Scientists within the (prodromal) AD research field have much to gain from joint models for longitudinal and survival data. When estimating the time until clinical dementia diagnosis, while accounting for the effect of a longitudinal biomarker or cognitive measure, joint models can not only provide estimates for their association, but they can also further investigate the type of association.

This paper aimed to provide an introduction into the application of joint models with special interest in the relationship between the longitudinal information and the event times, using data from a prodromal AD trial. First of all, we reanalysed the data, combining the longitudinal data on cognitive functioning with the survival data on dementia diagnosis in order to account for their dependencies. Both longitudinal outcomes, CDR-SB and NTB memory domain, were strongly associated with the risk of dementia diagnosis. For CDR-SB we observed a statistically significant intervention effect on the longitudinal trajectory. Secondly, for NTB memory domain we investigated the type of association between the longitudinal profiles and the risk of dementia diagnosis. Specifically, we investigated three association types: the current value, the current value in combination with the rate of increase and the cumulative effect. We concluded that it was the current value in combination with the rate of increase of the longitudinal trajectory, that best captures the association with dementia diagnosis.
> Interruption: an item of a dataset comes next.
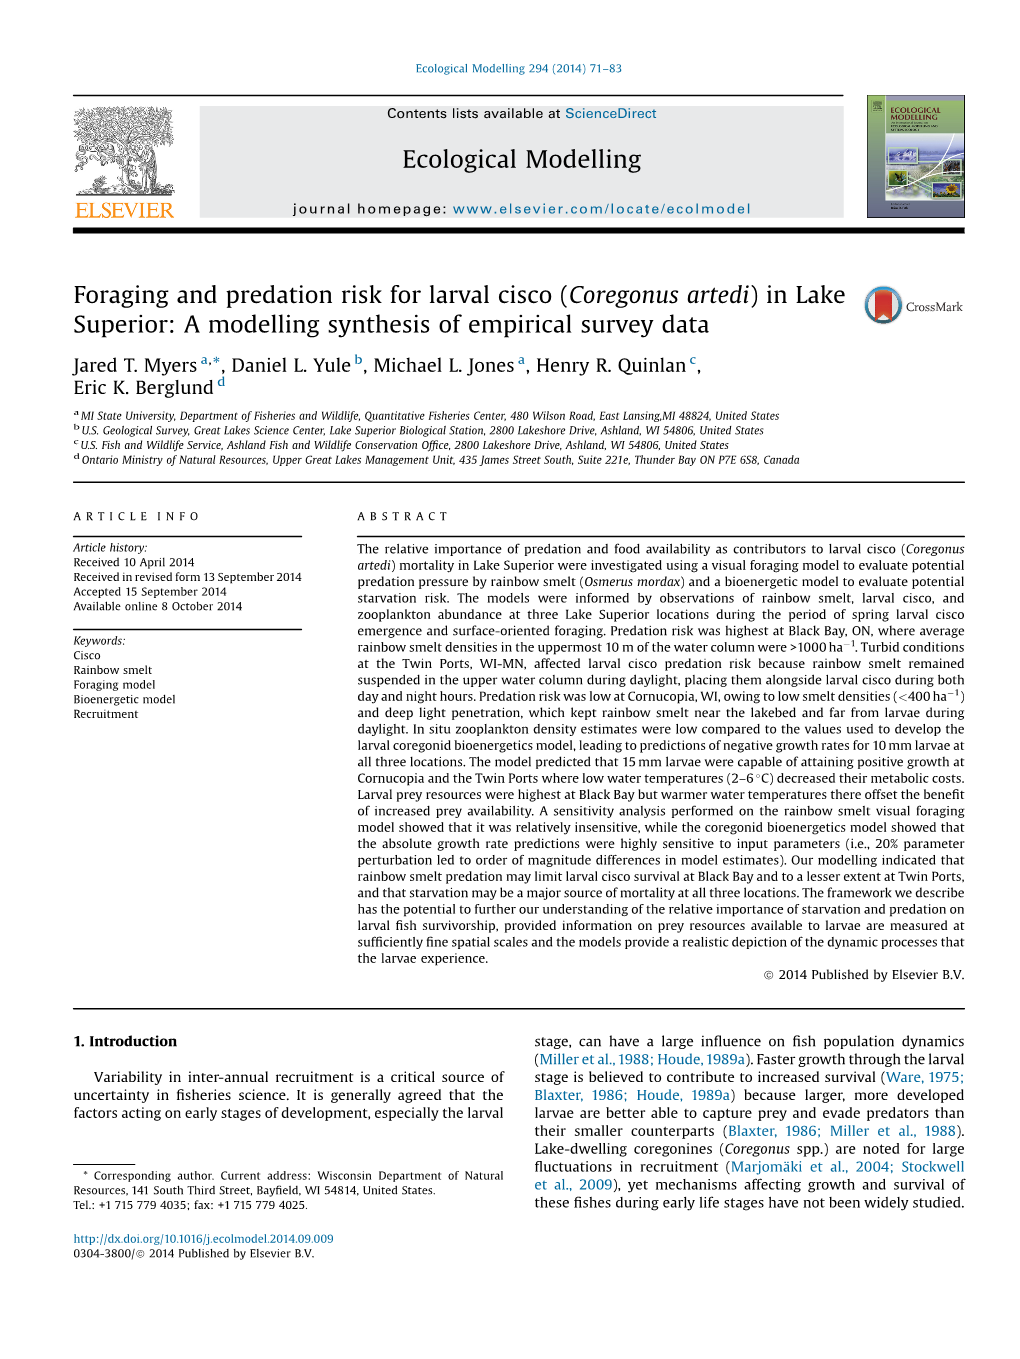 Foraging and Predation Risk for Larval Cisco (Coregonus Artedi) in Lake

Additionally, this paper demonstrated the added value of a typical characteristic of joint models, namely the combination of the direct and indirect processes, both with different possibilities in modelling the effect of time. The joint model suggested an increased hazard ratio for the test versus the control group at the beginning of the trial. Given that there was no intervention before or at baseline, this increased hazard ratio was hypothesised to be caused by an imbalance between the intervention groups in characteristics at baseline. The groups were found to have a statistically significant imbalance at baseline in MMSE. MMSE is known to reflect cognitive performance and having an imbalance in MMSE between the intervention groups at baseline suggested that the groups - despite the randomisation process - might have on average differed in where they were in the disease continuum at baseline. Including baseline MMSE in the joint model markedly decreased the hazard ratio at the beginning of the trial, which fits into the hypothesis that the increased hazard ratio at the beginning of the trial was caused by baseline imbalance.

The imbalance between the intervention groups in characteristics at baseline might have been composed of several factors for which baseline MMSE was only a proxy. However, including the baseline MMSE in the joint models provided a tool to disentangle baseline confounding from the intervention effect.

Further, this paper illustrated another positive feature of joint models which is to model intervention effects on the hazard ratio that are changing over time. In the standard Cox models, the intervention effect is assumed to be constant during the entire follow-up, an assumption that is often not biologically meaningful. Using a joint model, it is possible to model a time-varying intervention effect on the survival outcome by incorporating a time-varying intervention effect on the longitudinal marker. In this prodromal AD trial, the joint model revealed an indication of an increasing intervention effect over time, suggesting a decreased hazard ratio for the test group at the end of the 24-month trial.

Using time to dementia diagnosis as an outcome measure within the limited time-frame of a clinical trial has practical issues which complicate its use. First, a large part of the diagnoses cluster around the study visits when cognitive testing is performed and progression to dementia is thus detected. As a consequence, a part of the observed event times is interval-censored, although the statistical software used for the analyses, did not cover this type of censoring. Another aspect is that, the diagnosis represents a single time point when the disease is thought of as a process moving along a continuum. Time to dementia diagnosis provided therefore only a rough measure of disease progression. However, using the information on time to dementia diagnosis was found to have an added value, by applying a statistical approach that combines every patient’s moment of diagnosis with his or her longitudinal trajectory.

Conclusion

Joint models provide a valuable tool in the statistical analysis of clinical studies with longitudinal and survival data, such as in prodromal Alzheimer’s disease trials, and have several added values compared to separate analyses.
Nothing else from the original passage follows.